Shows Rails app structure on slide.  Why do I know this is a Rails app?  Why doesn't it tell me what the application does?  What's important about the app is hidden by the structure of the framework.  Why is the web (merely a delivery mechanism) central to the application structure.  Back in the 90's we thought the web changed everything, but it didn't.  We were duped into thinking that the web was an architecturally significant part of an application.  Shows blueprints of library and church.  The use is clear from the structure.

Suggests that Architecture is about Intent.  It's not about tools or libraries, those are details that should be hidden.

Recalls Ivar Jacobsen's classic book Object-Oriented Software Engineering: A Use Case Driven Approach.  Use Cases are like User Stories.  Best kept simple and high level.

Application specific rules (use cases) may be represented with "interactor" objects.
Cross application rules are represented in "entities".

Interface/Boundary objects/classes (act like java interfaces) provide a way for external systems to present requests.
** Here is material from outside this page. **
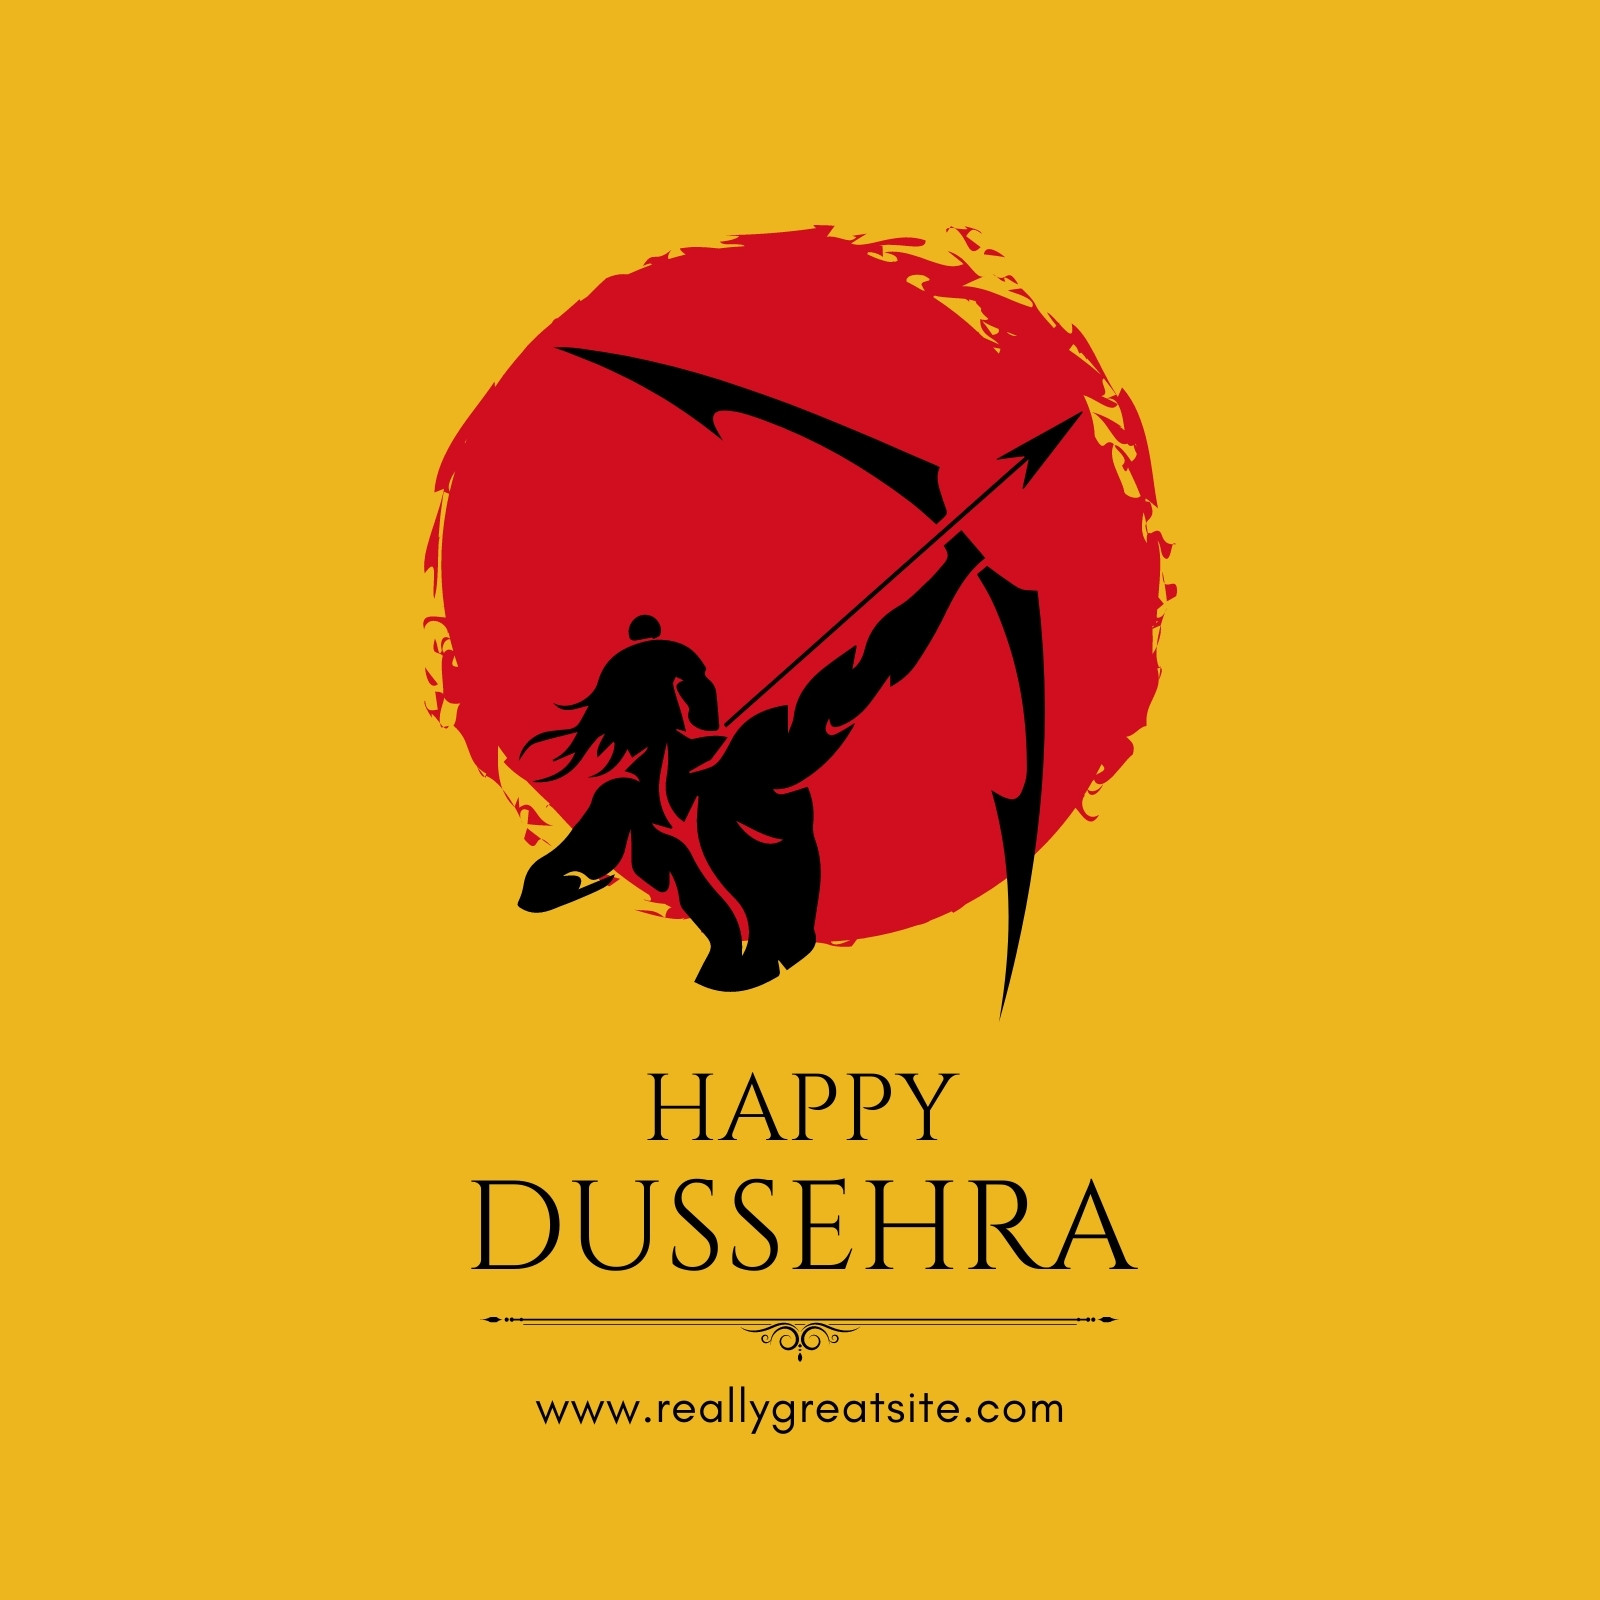 Dussehra Greeting PNG Transparent, Dussehra Greeting, Happy Dussehra,  Dussehra Card PNG Image For Free Download
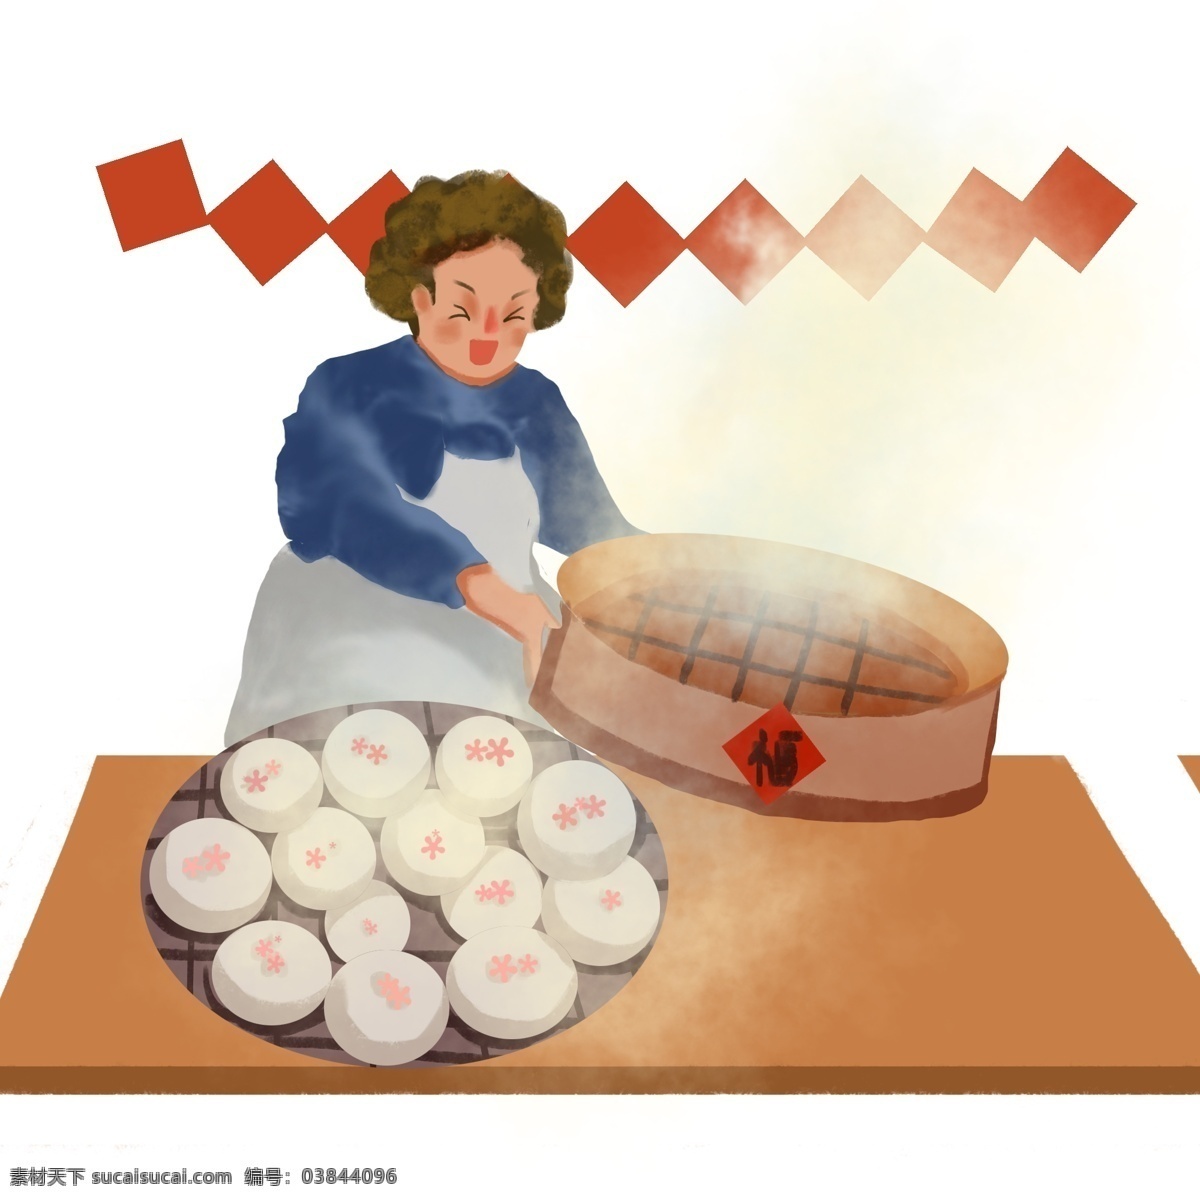 大年 蒸 包子 插画 过大年 贺新年 春节 红色的福字 美味的食物 慈祥的妈妈 劳动的妈妈 木桌子

Request model is passed thru boundary into interactor.  Interactors process request and control entities and gather results and emit response object thru interface to delivery system.

Looks like MVC but is NOT because MVC is misunderstood.

MVC is oldest pattern (predates patterns).  MVC is not an architecture.

Defines MVC as originally described in the 70s.  Model object hides a very small business rule.  There is a controller that is connected to an input device like a keyboard or mouse.  Controller sends input to model.  The view registers with the model, which sends state updates to the view, to trigger updates.  MVC was done in the *small*.  You had an MVC for *a button*.

Now we have MVC for whole pages etc, because:  What happens to any kind of good idea in software is that people know that it's a good idea and they also know that their ideas are good.  And so they figure that their ideas are that idea...and they completely lose the original idea.

Problem in app scale:  Poor boundaries.  Not clear what is view, controller or model logic.  Unless you keep extremely careful discipline the concerns will get mixed.

Talks about Plug In pattern.

Dependencies flow only one direction between a plug in and the application.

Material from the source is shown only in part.